2. The exercise price per share under each ISO shall be not less than 100% of the fair market value of an Ordinary Share on the date of grant of such ISO;provided that the exercise price per share under each ISO granted to an Optionee who, on the date of grant, owns stock possessing more than 10% of the total combined voting power of the Company or a parent corporation or subsidiary corporation of the Company (as defined in section 424(e) and 424(f) of the Code) shall not be less than 110% of the fair market value of an Ordinary Share on the date of grant of such ISO.
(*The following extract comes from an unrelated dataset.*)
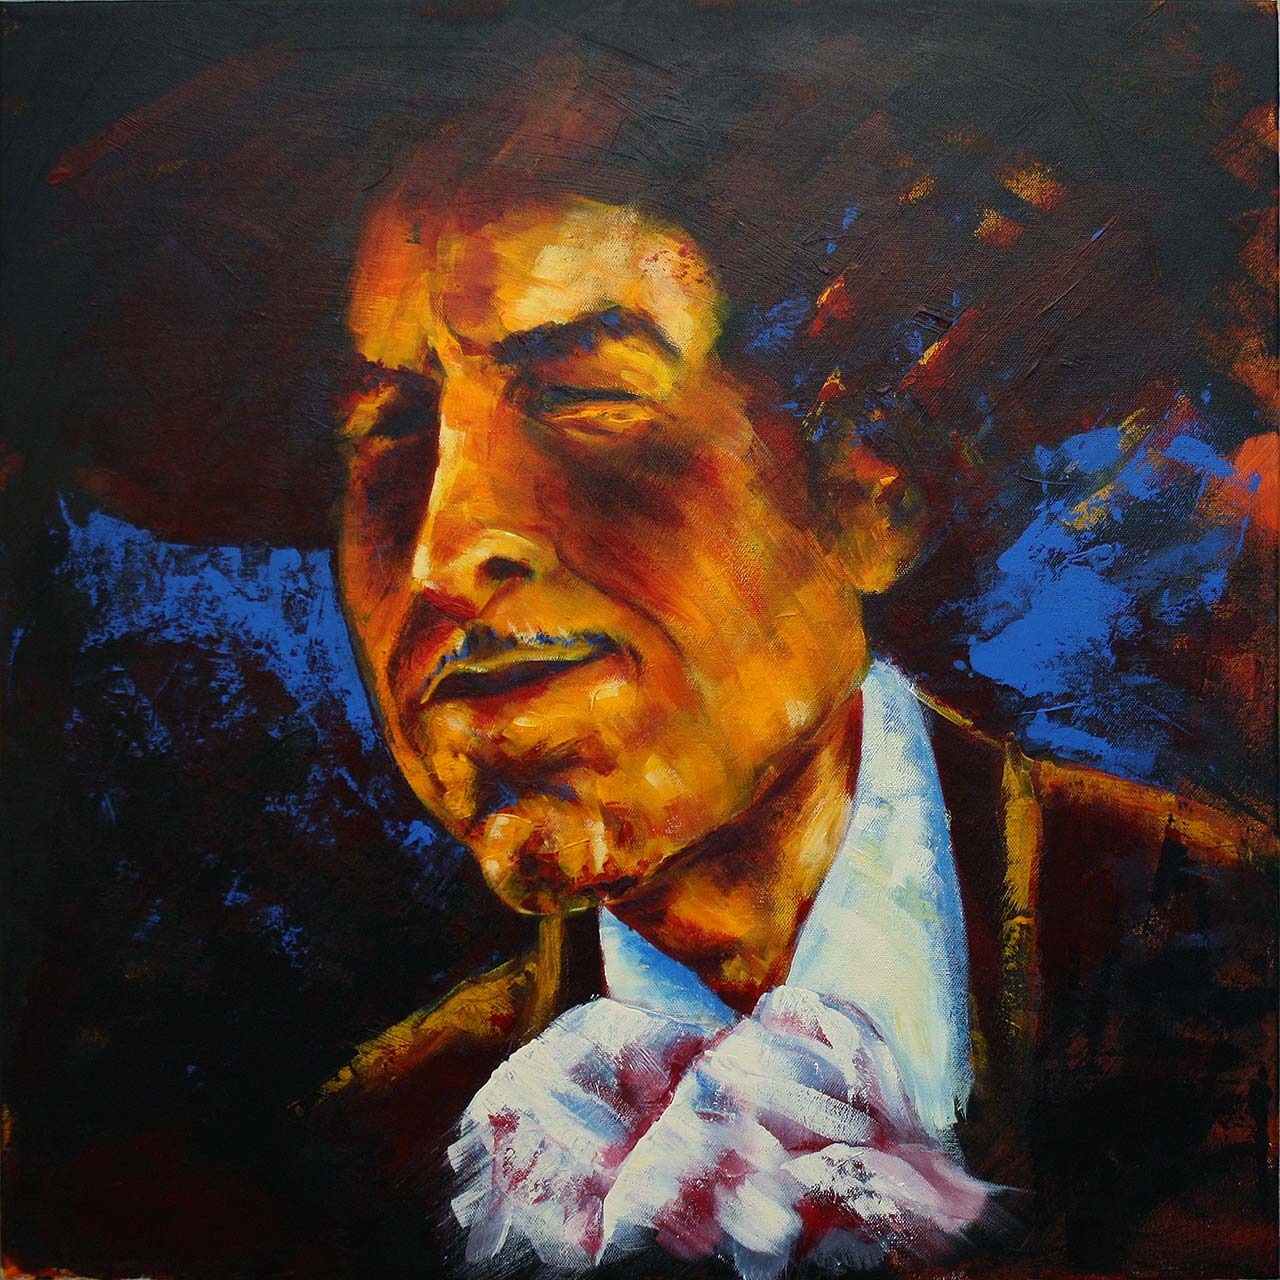 Portrætmaleri af Bob Dylan udført af portrætmaler Peter Simonsen
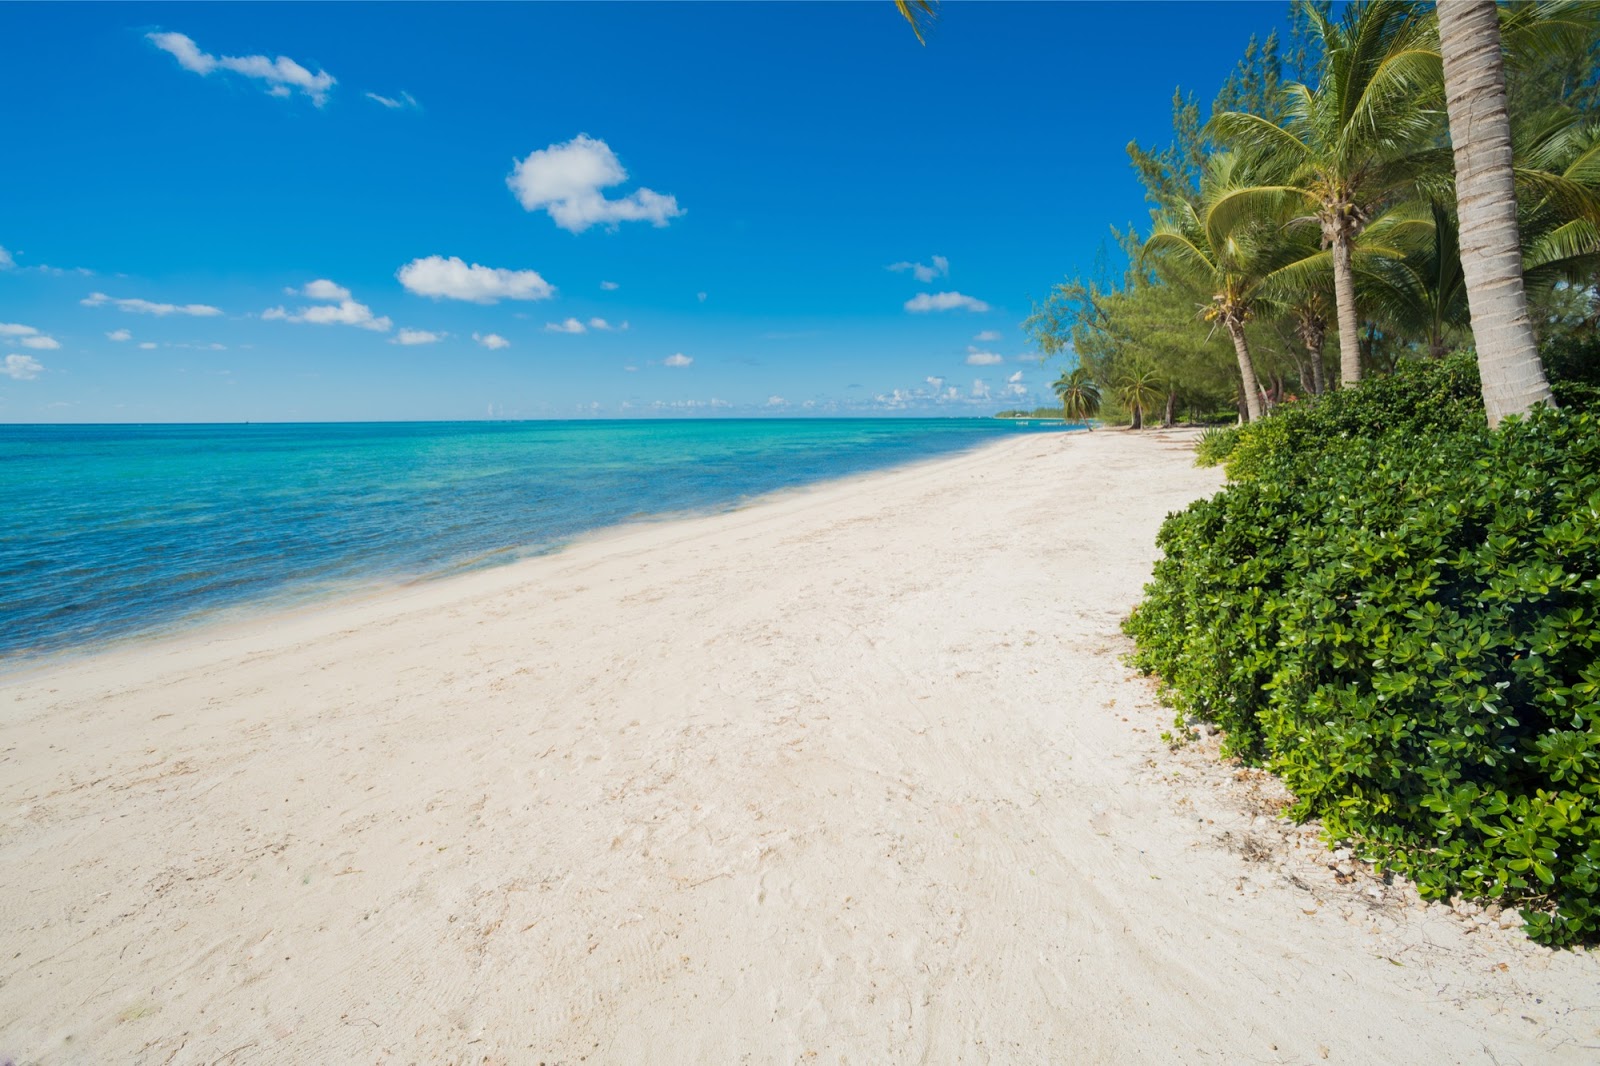 Foto di Cayman Villas beach con una superficie del sabbia fine e luminosa

3. No ISO shall be exercisable for more than 10 years from its date of grant;provided that an ISO granted to an Optionee who, on the date of grant, owns stock possessing more than 10% of the total combined voting power of the Company or a parent corporation or subsidiary corporation of the Company (as defined in section 424(e) and 424(f) of the Code), shall not be exercisable for more than 5 years from its date of grant.
4. The aggregate fair market value (determined at the time of grant) of the Ordinary Shares with respect to which ISOs are exercisable for the first time by an Optionee during any calendar year (under all stock option plans of the Company or any subsidiary or parent corporation of the Company (as defined in section 424(e) and 424(f) of the Code)) shall not exceed $100,000.
5. For purposes of the Optionee of an ISO, the term “disability” shall mean the inability to engage in any substantial gainful activity by reason of any medically determinable physical or mental impairment which can be expected to result in death or which has lasted or can be expected to last for a continuous period of not less than 12 months, all as described in section 22(e)(3) of the Code.
6. For all purposes of this Appendix A, the term “fair market value” as of any date shall mean the closing sales price of the Company’s American Depositary Receipts (ADRs) on the trading date immediately preceding such date as quoted on NASDAQ, or, if there have been no quoted closing sales prices with respect to the ADRs or if the NASDAQ is not open for business on such trading date, as determined by the Board in good faith.